**COLLECTED MATERIAL:**
-------------------------

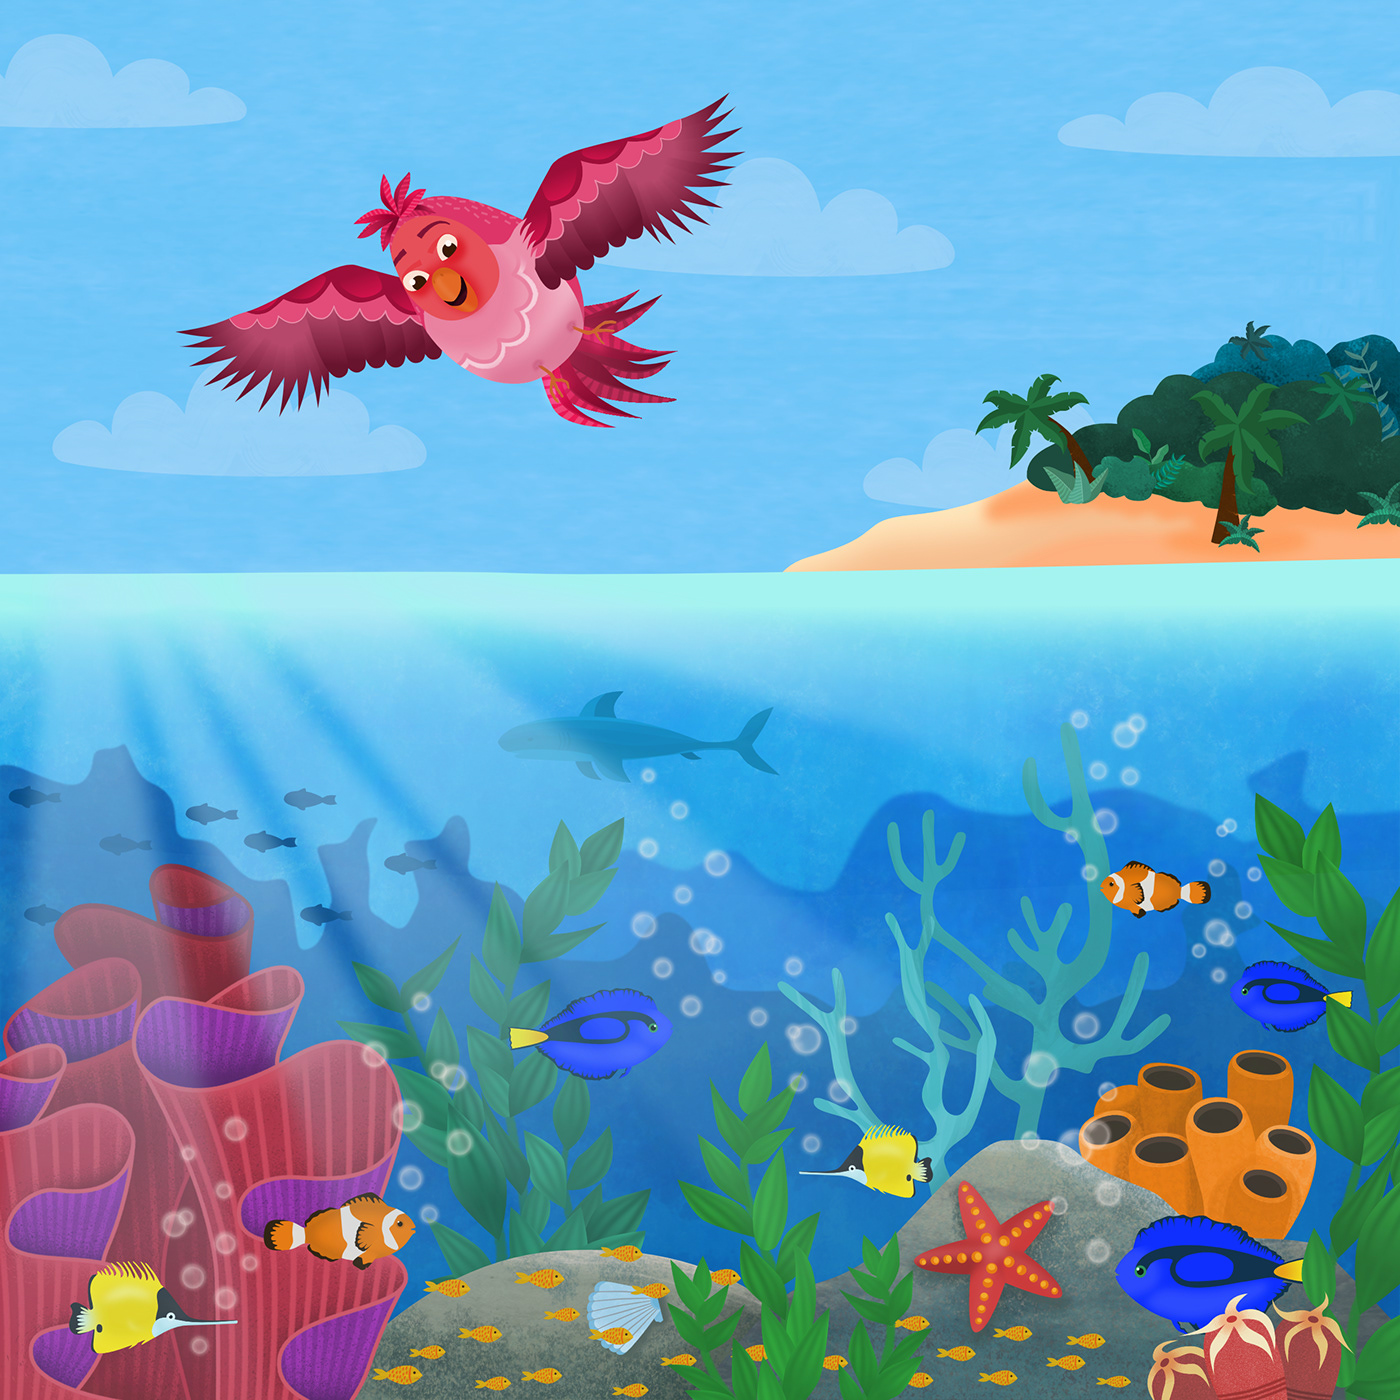 affinity designer Character design  children illustration coral Digital Art  digital illustration ILLUSTRATION  kidlitillustration Ocean reef
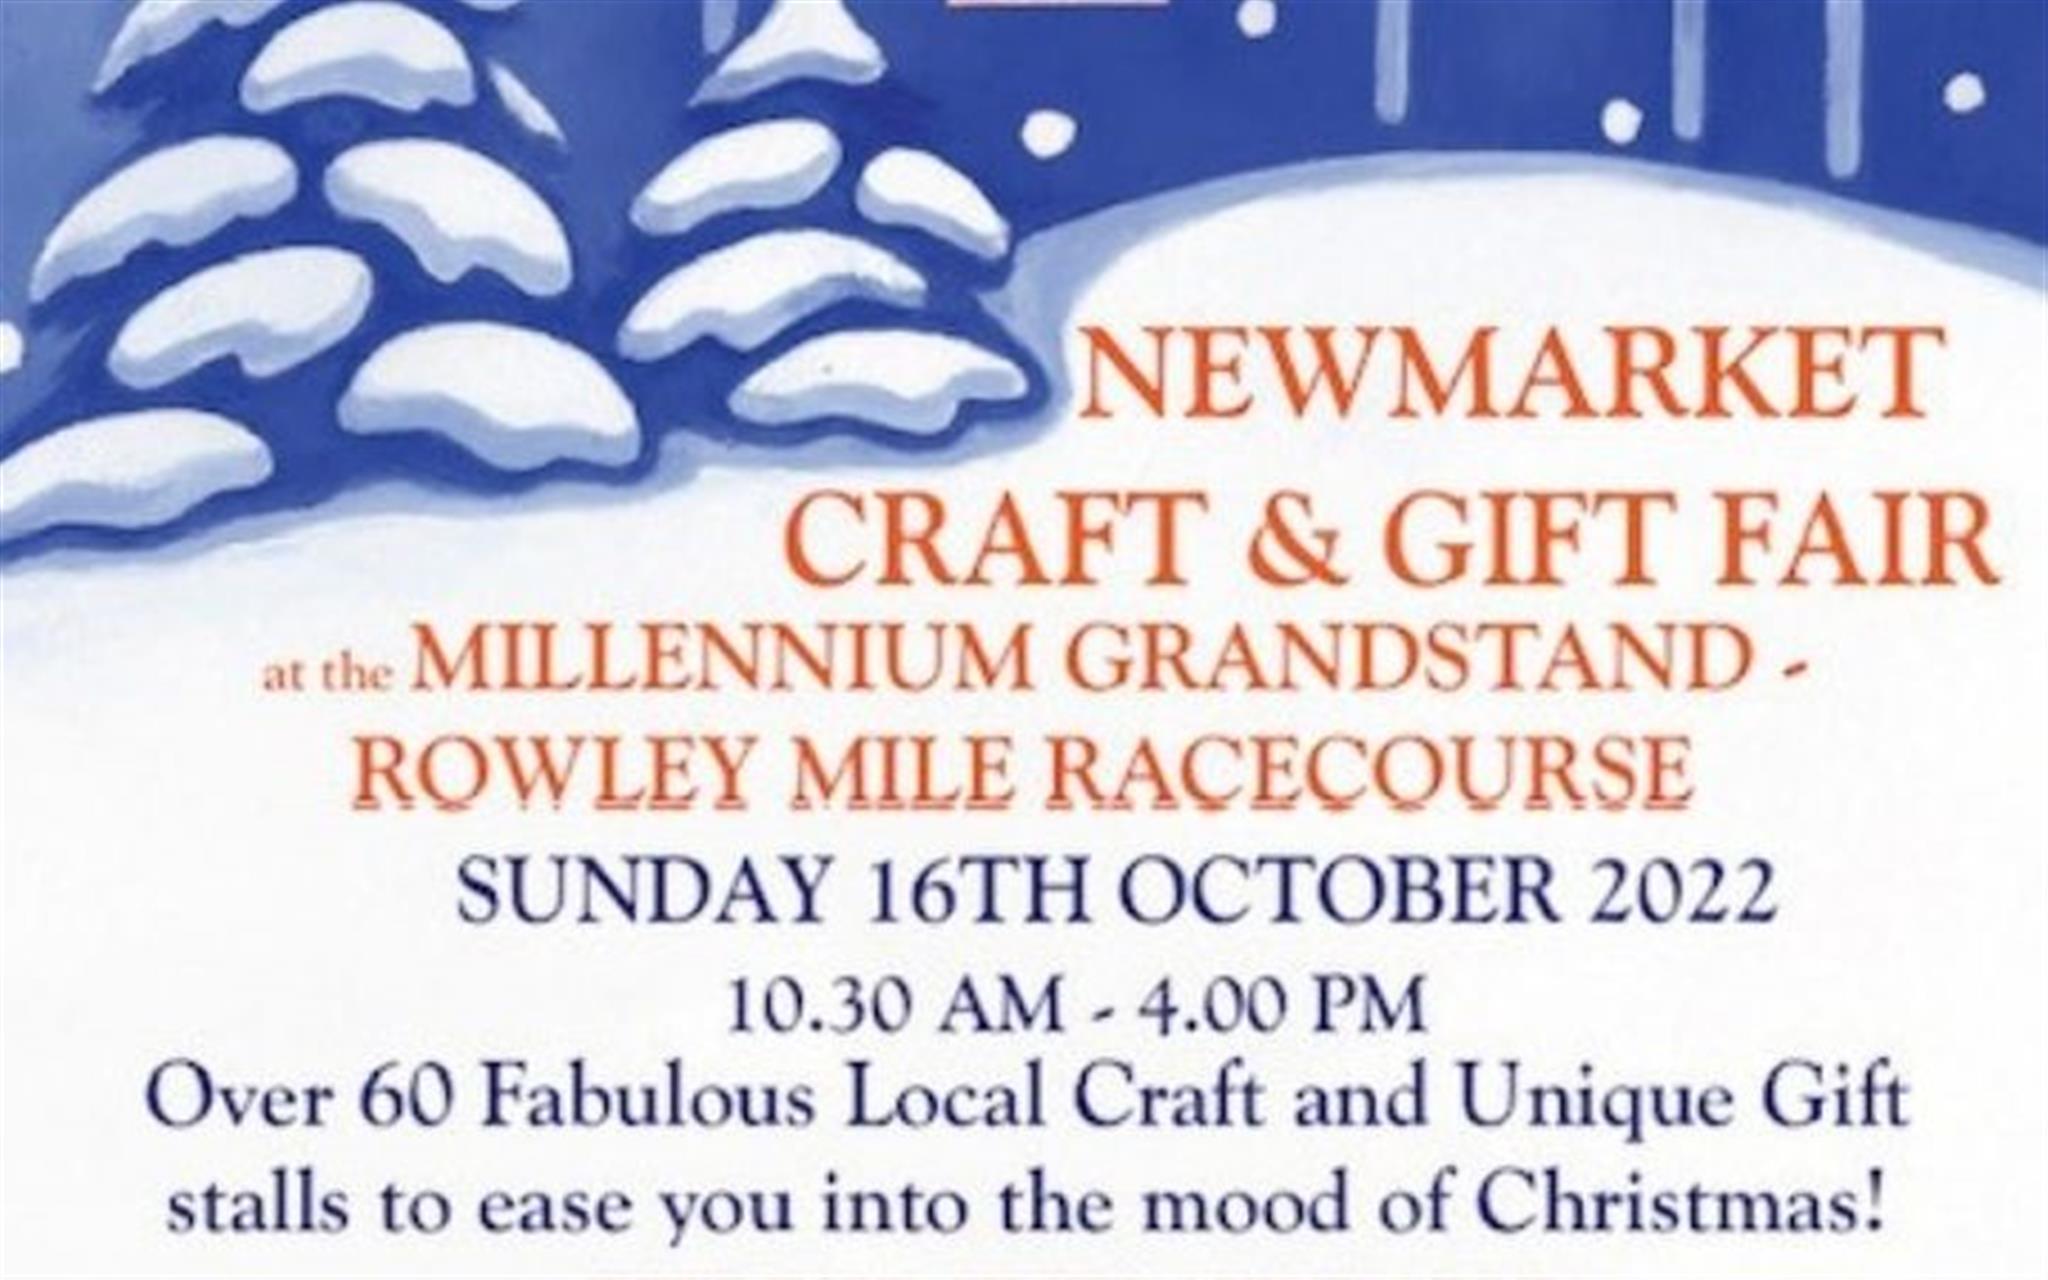 Newmarket Craft & Gift Fair
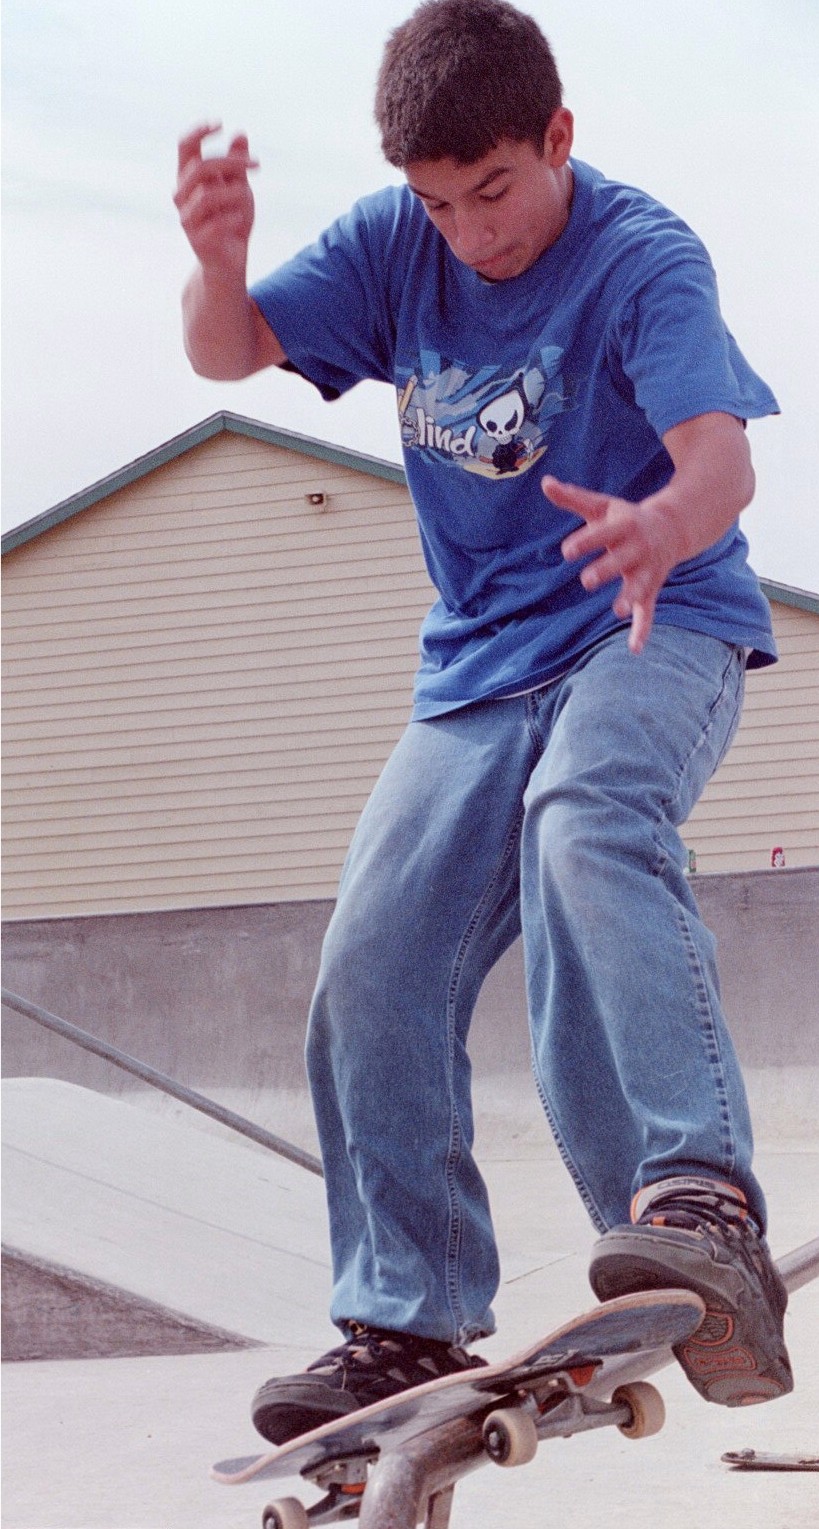 male skateboarder; Actual size=240 pixels wide

-------------------------

**AIM OF THE EXERCISE:** Each line from the one with "Newmarket Craft & Gift Fair" to the end of the material needs to be output word for word, with no picture included.

**SOLUTION FOR THIS PROBLEM:**
 Newmarket Craft & Gift Fair
 male skateboarder; Actual size=240 pixels wide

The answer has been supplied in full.